I was speaking of Ford in Tennessee.


(I assume you are being sarcastic when you say "bastions of"?). Iowa
is an open caucus, so the Bradley effect is not applicable there.
Utah
and Idaho are conservative strongholds, and the small liberal
population has the luxury of voting for trophy candidates.

Fine, but Connecticut was not an open caucus, and it is 86% white, and he did better than expected there. He also did far better than predicted in Missouri, also 86% white. As for trophy candidates, I don't see how that argument makes sense - we're talking about a primary here, not a general election. And why is Obama more a trophy candidate than Clinton?


Re: Clinton as "trophy": a) she doesn't play the trophy role well --
Nancy Pelosi may be. b) there is not that much collective guilt about
women: it is still quite acceptable in polite company to doubt the
capabilities of women in certain fields, say perhaps science. An
uppity black man would not have worked either!

Re: Bradley effect. Some of it may be mitigated by the fact that the
anti-black sentiment is masked by the anti-woman and particularly anti-
Clinton sentiment. Some of it (in conservative states such as
Missouri) is probably because of the issue I point out above: small
liberal population dominating the results. Note that at least one
recent poll in Missouri (the last one?), by Reuters/Zogby, shows Obama
up by 3 points (Feb 2-4). He won by 1.2 points. Similarly, for
Connecticut, SurveyUSA had Obama up by 2-4 points and he won by 3.1.
But the Bradley effect probably is most visible in the more
conservative states and during the final election.


That he has a platform and rhetoric that attracts "independents" is
to
me a warning sign, not a positive. Unless we believe that 4-8 years
of
a Democrat, any Democrat, is better than McCain for the same period.
There are some arguments to make that case, but then, both Obama and
Clinton are fine in the role of "any Democrat".

Remember, I am arguing about the Democratic primary, not who to vote for in the generals. The question is, if we accept for the moment that no third party will play a significant role, whether we'd rather have McCain or a Democrat win that election, even if neither have our support; and I don't see how anyone can answer other than the Democrat. From which it follows that in the Democratic primary, it's best to choose someone who can beat McCain, which I expect Obama to be able to do more easily (and polls so far back me up).
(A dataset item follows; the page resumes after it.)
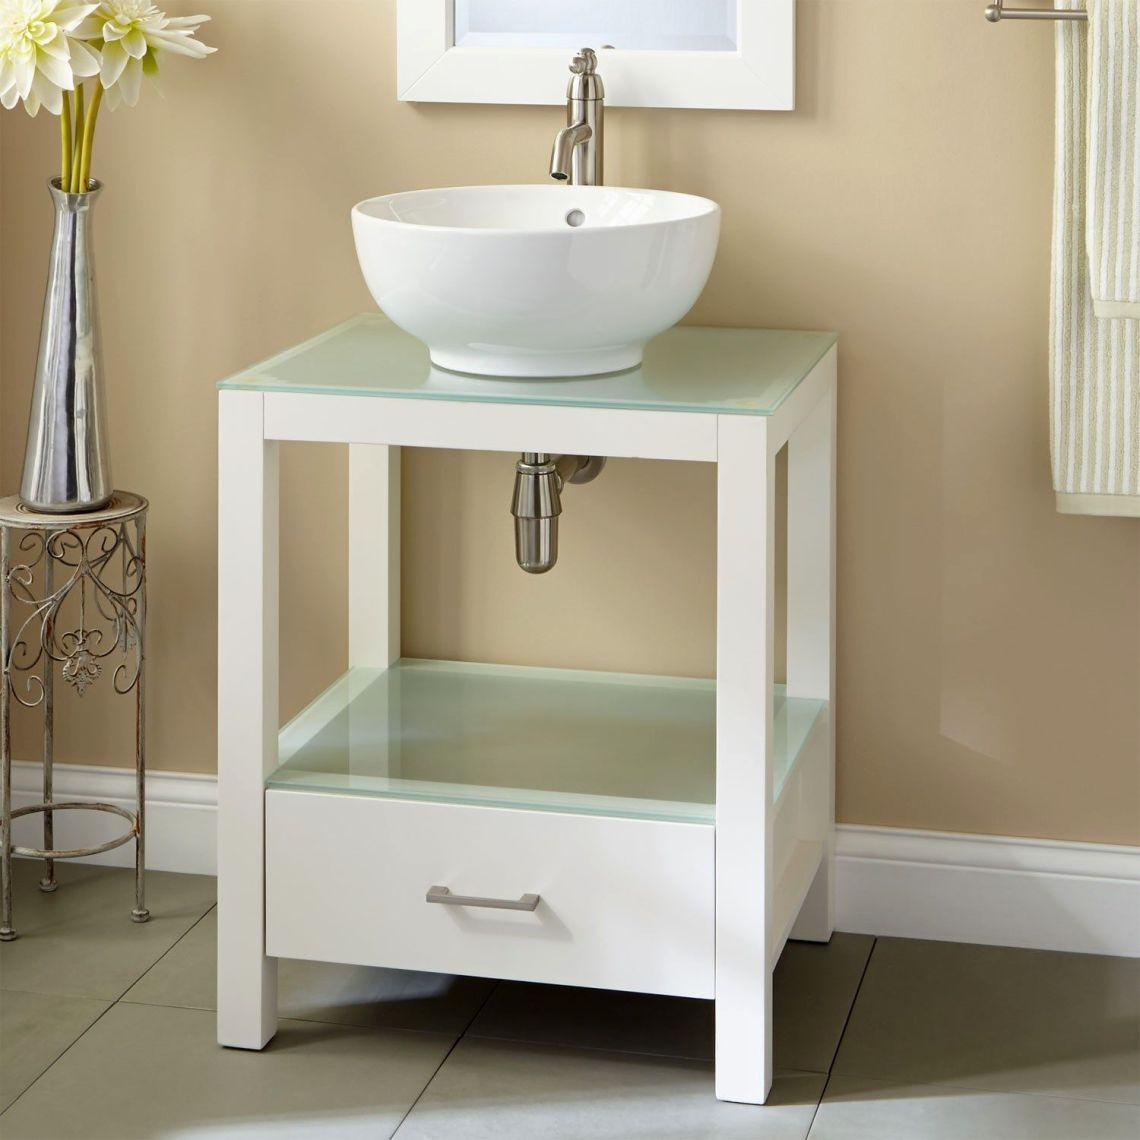 Cute Cheap Vanity Bathroom Architecture - Home Sweet Home ...

Well that's a different argument, a strategic one, which in itself
seems to accept that there is no reason to prefer Obama over Clinton
other than "electability". That is possibly true, given the virulent
hatred of the Clintons that Limbaugh et al have stoked over 15 years,
the hope that Obama is a fluff candidate who will play by the rules
while at the same time permit us to pat ourselves on the back, and
that sexism sits easier in the stomach than racism does.


So, then the question becomes: will the election of Obama help rid
the
US of "plurality voting" any more than the election of Clinton? The
argument is that neither will have an impact, but if we have to
choose
one, it would have to be Clinton since she is less of a bromide or
placebo than Obama.


Neither of them will have the slightest intent on reforming the voting system; disappointing but predictable. But I really don't see where the idea comes from that Clinton is somehow more "on the issues" than Obama is. There is zero evidence for it and it's merely a succesful electoral strategy by the Clinton campaign to make people believe that.


You will have a much harder time finding Clinton Kool-Aid drinkers
than Obama ones! If reforming the voting system is the real path, as
you suggested, then as I pose above, the question of import is who
will advance that cause. Neither will, is a safe enough assumption. If
we really want to settle it, since we agree that the beast will not
reform itself, then which presidency will instigate the people to push
for such reforms? I argue that Obama surely will not, given the
possibility that his presidency will echo his campaign, and that of
Bill Clinton: inspiring rhetoric that hides the carpet bombing from
public view. Hillary, gawky wonk that she is, can be counted on to
carry out all her missteps in full public view and scrutiny.